New Asylum measures that will affect all Asylum seekers

In addition to new rules for the different types of Asylum seekers, there will be some planned changes to the Immigration rules that will affect all Asylum applicants, namely:

  • Changes to the test of whether a claimant has a well-founded fear of persecution so that claimants will have to prove ,on the balance of probabilities, their identity and that they are experiencing genuine fear of persecution. The Home Office will then consider if there is a reasonable likelihood that the claimant is likely to face persecution if they have to return to their country of origin. This proposal is subject to consultation.
  • There will also be a statutory definition of the meaning of persecution.
  • A National Age Assessment Board will provide processes and standards to determine Asylum seekers ages when an Asylum seeker says that they are under the age of eighteen. It is said that these age assessments will be ‘science based’.
  • Immigration officers, rather than social workers, will be given the authority to carry out reasonable initial assessments of age. The policy of considering an Asylum seeker as a child if they say they are under eighteen and look as if they are under the age of twenty-five may be reviewed and reduced from twenty-five to eighteen. In addition, the intention is to reduce the number of judicial review claims on age by creating a speedy appeal process where there are Asylum age claims in dispute.
  • When making an Asylum appeal or bringing an Asylum related judicial review the claimant and their immigration solicitorwill need to act in good faith at all times. Again, many may question why this is considered necessary and why such a requirement should be restricted to Asylum, Immigration or judicial review claims. Surely all solicitors ,and indeed all claimants, should act in good faith.
  • The potential for cost orders to be made in favour of the Home Office if a judicial review fails – placing the claimant or their advisor at increased cost risk if it is determined that a case was promoted that was deemed as bound to fail.
  • Working with overseas countries to increase the removal and return of those Asylum seekers who are held to have no right to stay in the UK. One option canvassed to improve returns is to control UK visa availability where countries are thought to be uncooperative on returns.
  • The early release scheme will be amended so if a failed Asylum seeker has served a quarter of their prison sentence, the early release and return opportunity will be increased from nine to twelve months at the end of their prison sentence.
  • The maximum sentence for an offender who returns to the UK in breach of a deportation order will be increased from six months to five years.

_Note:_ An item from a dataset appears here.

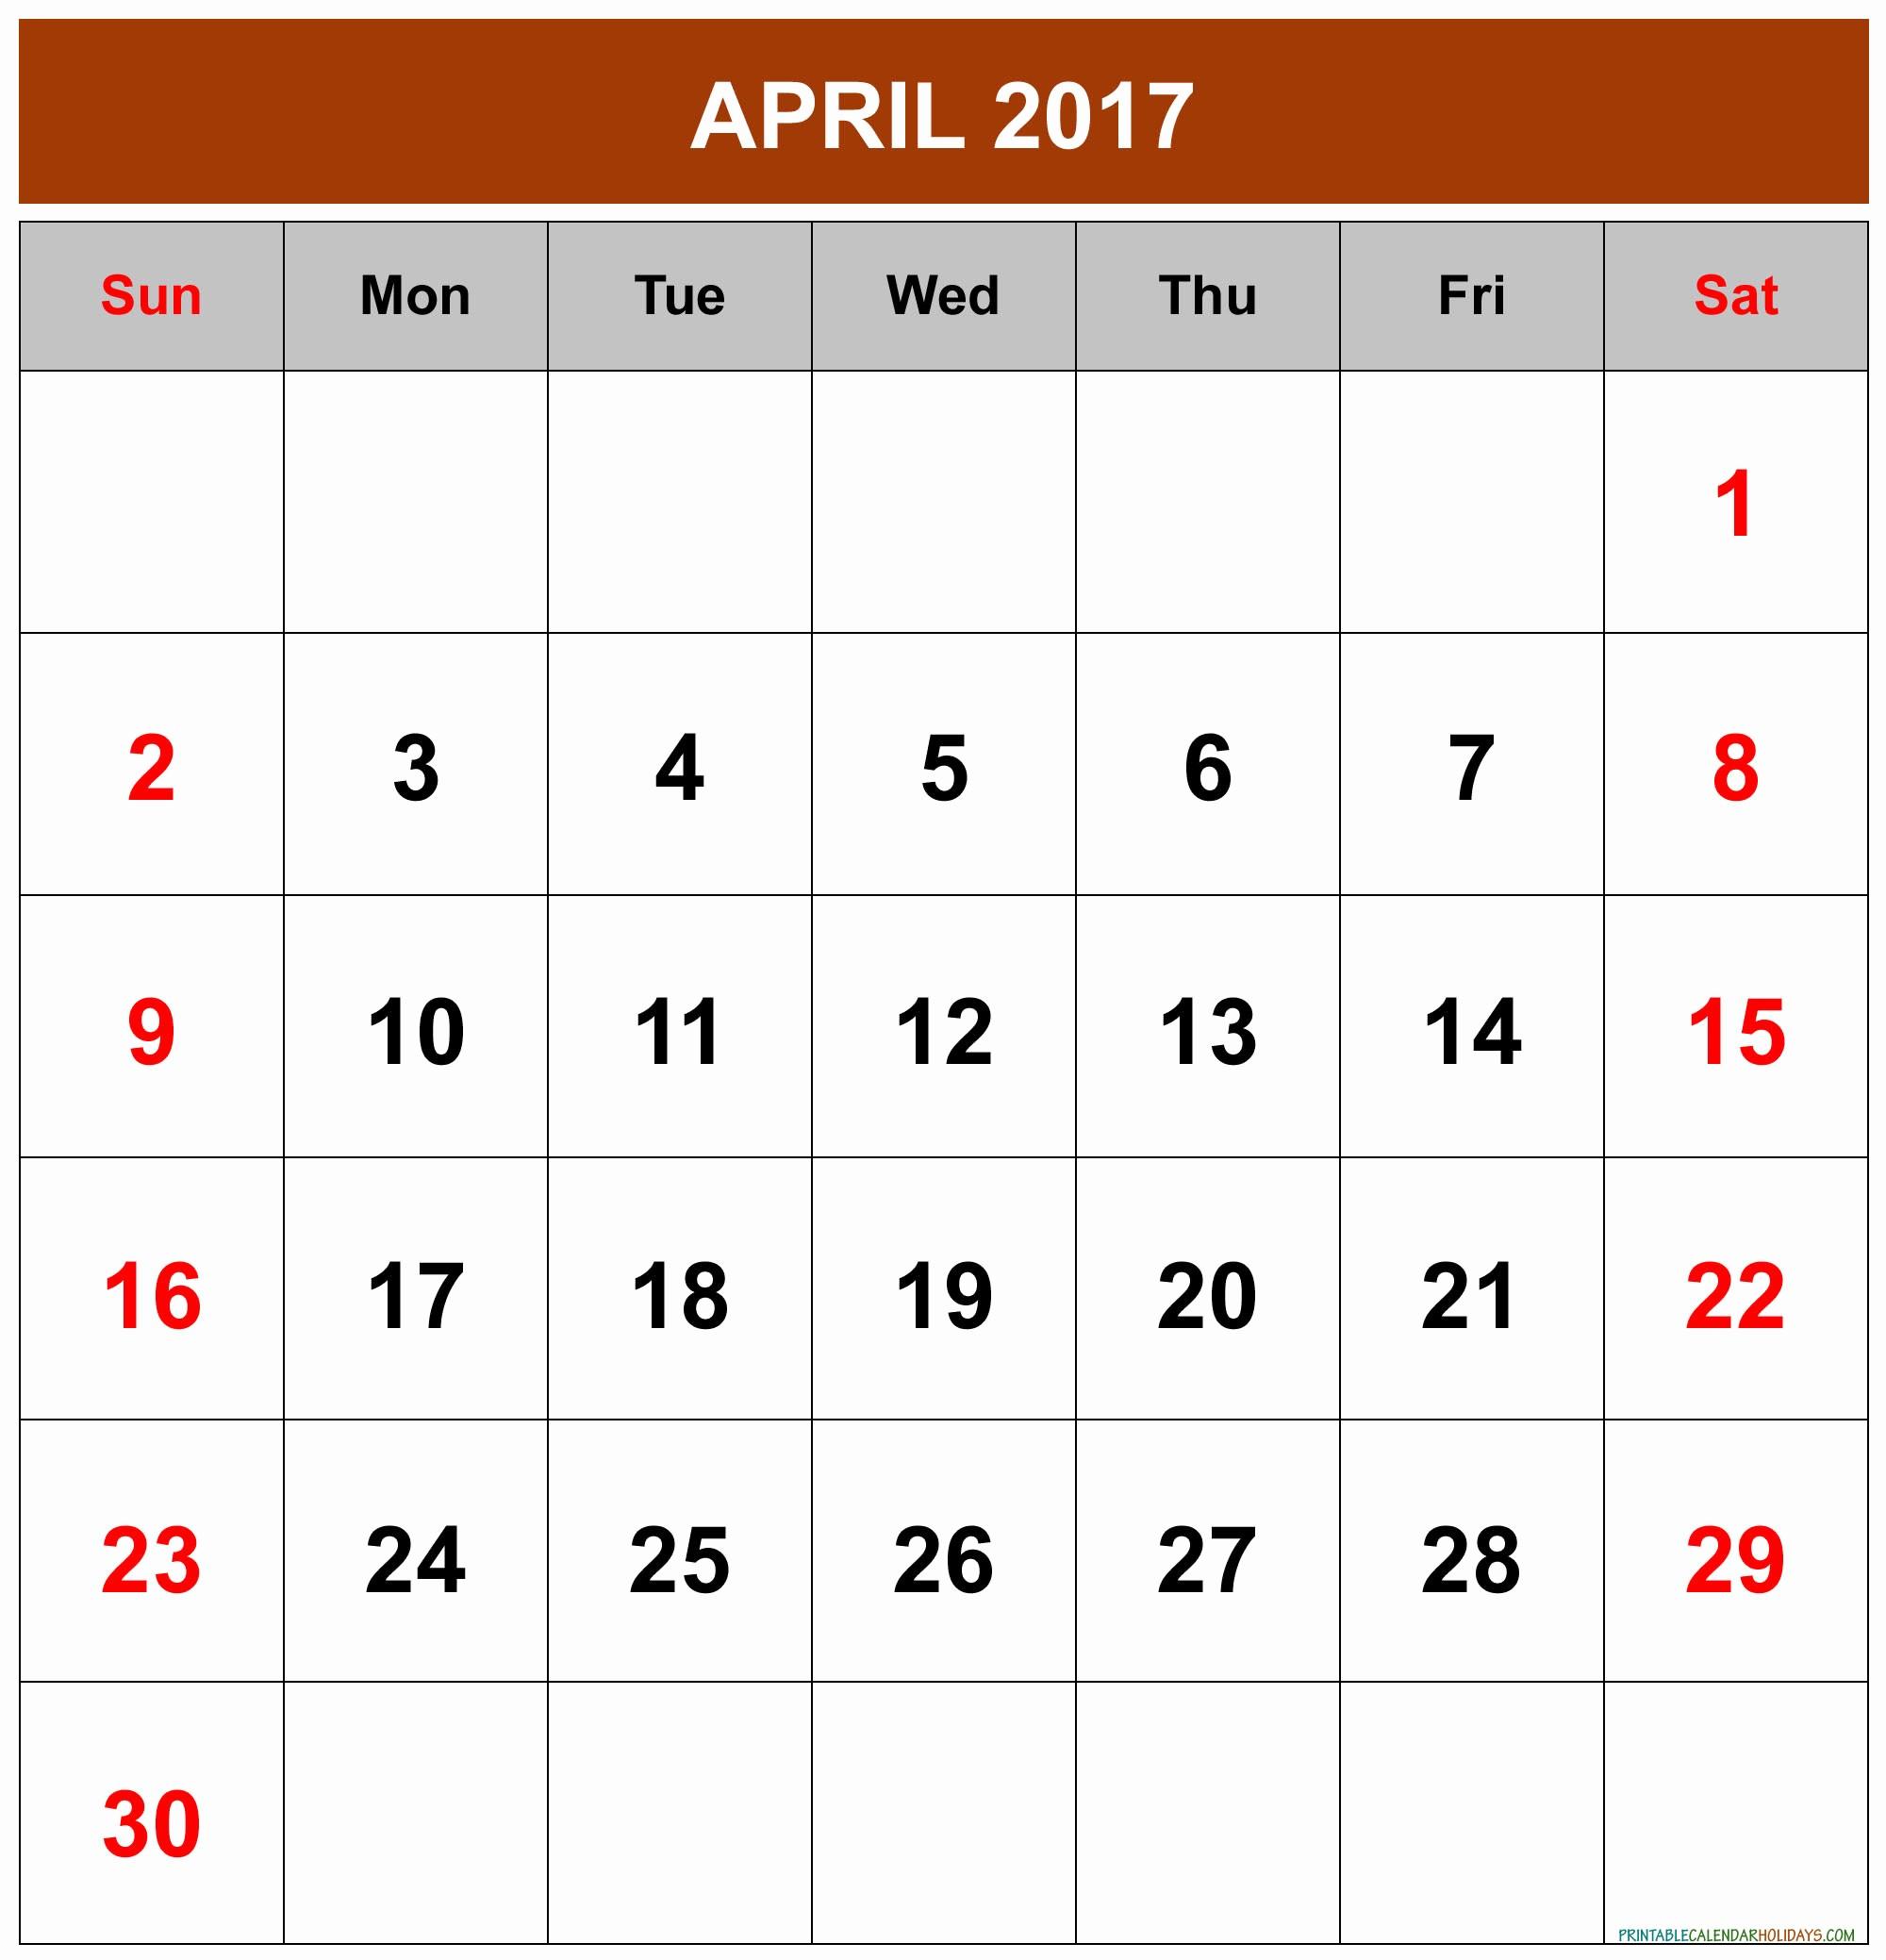 Free 2017 Printable Calendar Word New April 2017 Calendar Word

Consultation – have your say on the new Immigration plan

A consultation on some of the proposed measures will be available for comments until the sixth May 2021. Immigration solicitors hope that both successful asylum seekers and those in the Asylum system will have their say as well as those charities and organisations who understand, all too well, the current system failings and the need for change that is both fair and equitable.